Member of the Wisconsin Senate from the 20th district
- In office January 2, 1860 – January 6, 1862
- Preceded by: Edward Pier
- Succeeded by: George W. Mitchell

Member of the New York State Assembly from the Onondaga County district
- In office January 1, 1846 – January 1, 1847 Serving with Lake I. Teft, Julius C. Kinne, & Alonzo Wood
- Preceded by: Julius C. Kinne, Dennis McCarthy, David Preston, & Lake I. Teft
- Succeeded by: William Henderson, John Lakin, Manoah Pratt, & Joseph Prindle

Sheriff of Onondaga County, New York
- In office January 1, 1838 – January 1, 1841
- Preceded by: Dorastus Lawrence
- Succeeded by: Frederick Benson

Personal details
- Born: February 16, 1800 Manlius, New York, U.S.
- Died: January 10, 1884 (aged 83) Fond du Lac, Wisconsin, U.S.
- Resting place: Oakwood Cemetery, Syracuse, New York
- Party: Republican; Whig (before 1854);
- Spouses: Harriet Tousley ​ ​(m. 1825; died 1825)​; Eleanor Dashiell (Jones) ​ ​(m. 1828; died 1838)​;
- Children: Charles J. Phillips; ^{(b. 1829; died 1832)}; William E. Phillips; ^{(b. 1830; died 1831)}; Ellen E. A. Phillips; ^{(b. 1833; died 1855)};
- Relatives: Lyman Phillips (brother)
- Occupation: Merchant

= Elihu Phillips =

19th century American politician

Elihu Lyman Phillips (February 16, 1800 – January 10, 1884) was an American businessman, politician, and Wisconsin pioneer. He was a member of the Wisconsin Senate, representing Fond du Lac County during the 1860 and 1861 sessions, and earlier represented Onondaga County, New York, in the New York State Assembly during the 1846 session, and held other public offices. His name was often abbreviated as E. L. Phillips.

==Biography==
===New York career===
Elihu Phillips was born in Manlius, Onondaga County, New York, in February 1800. He was the youngest child and seventh son of Elijah Phillips and Susannah Gates. His parents married in 1778 in Preston, Connecticut, and relocated to New Hampshire for a short time toward the end of the American Revolution, before settling further west in what would become Onondaga County, New York, by 1788. His father was a veteran of the American Revolution who had responded to the alarm at Lexington in 1775. Elijah operated mills at Edwards Falls in Manlius and served as the fourth Sheriff of Onondaga County. On his paternal line, Elihu descends from the Rev. George Phillips, who arrived in America in 1630 on the ship Arabella with Governor John Winthrop and established the first Congregational Church at Watertown, Massachusetts. Through his parents, Elihu's ancestors include many early colonists in Connecticut and Massachusetts.
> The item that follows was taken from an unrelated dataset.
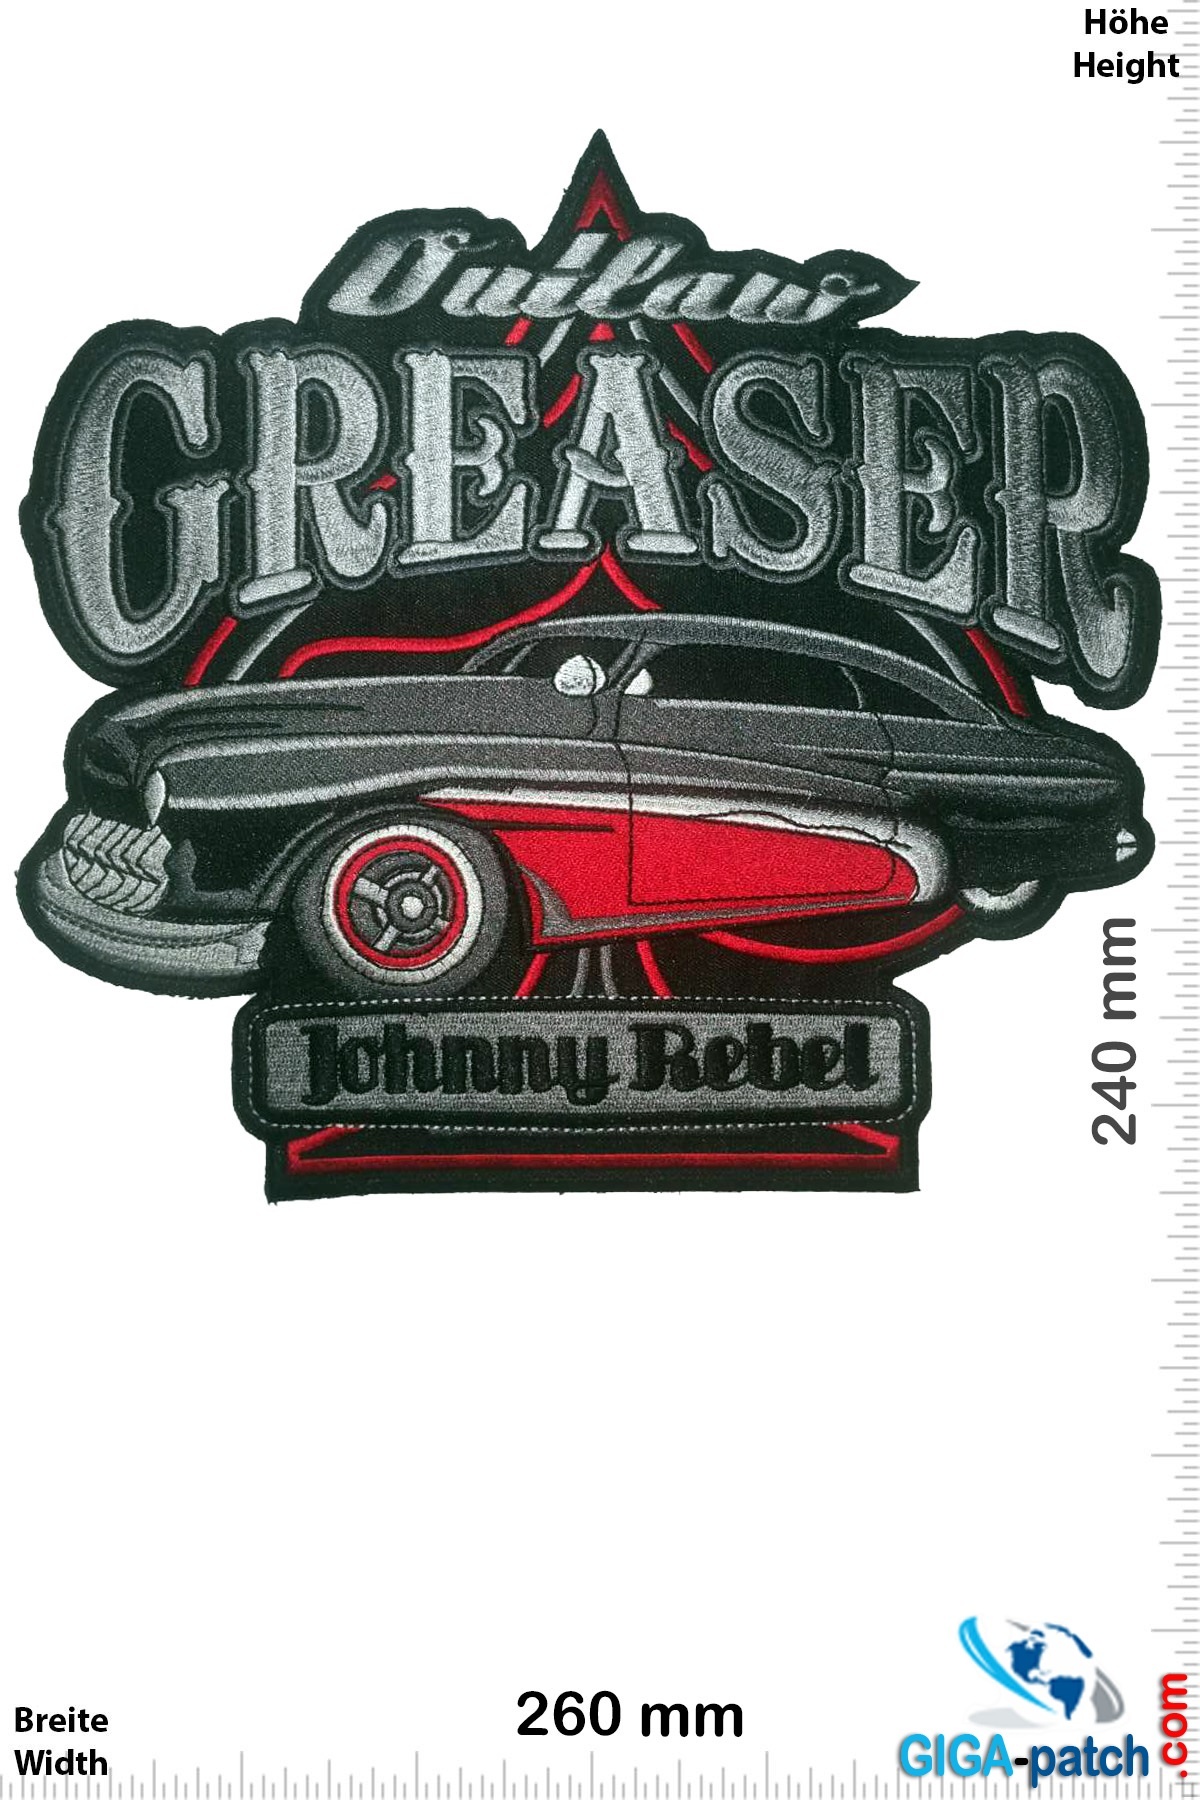 Hotrod Outlaw Greaser - Johnny Rebel -  26 cm

He was raised and educated in Manlius, and at age 16 went to work in a store of owned by Amos P. Granger in Syracuse, New York for a couple years. He returned to Manlius in 1824 to operated a store with Sylvanus Tousley. He then worked in his brother's store for several years from about 1827 to 1831, at which time he opened his own mercantile business in Syracuse. His brother Lyman Hubbard Phillips joined him in the business from 1834 to 1836, and Elihu then partnered with his nephew Nelson Danforth Philips (son of Elihu's brother Elijah, a prominent station agent in Syracuse).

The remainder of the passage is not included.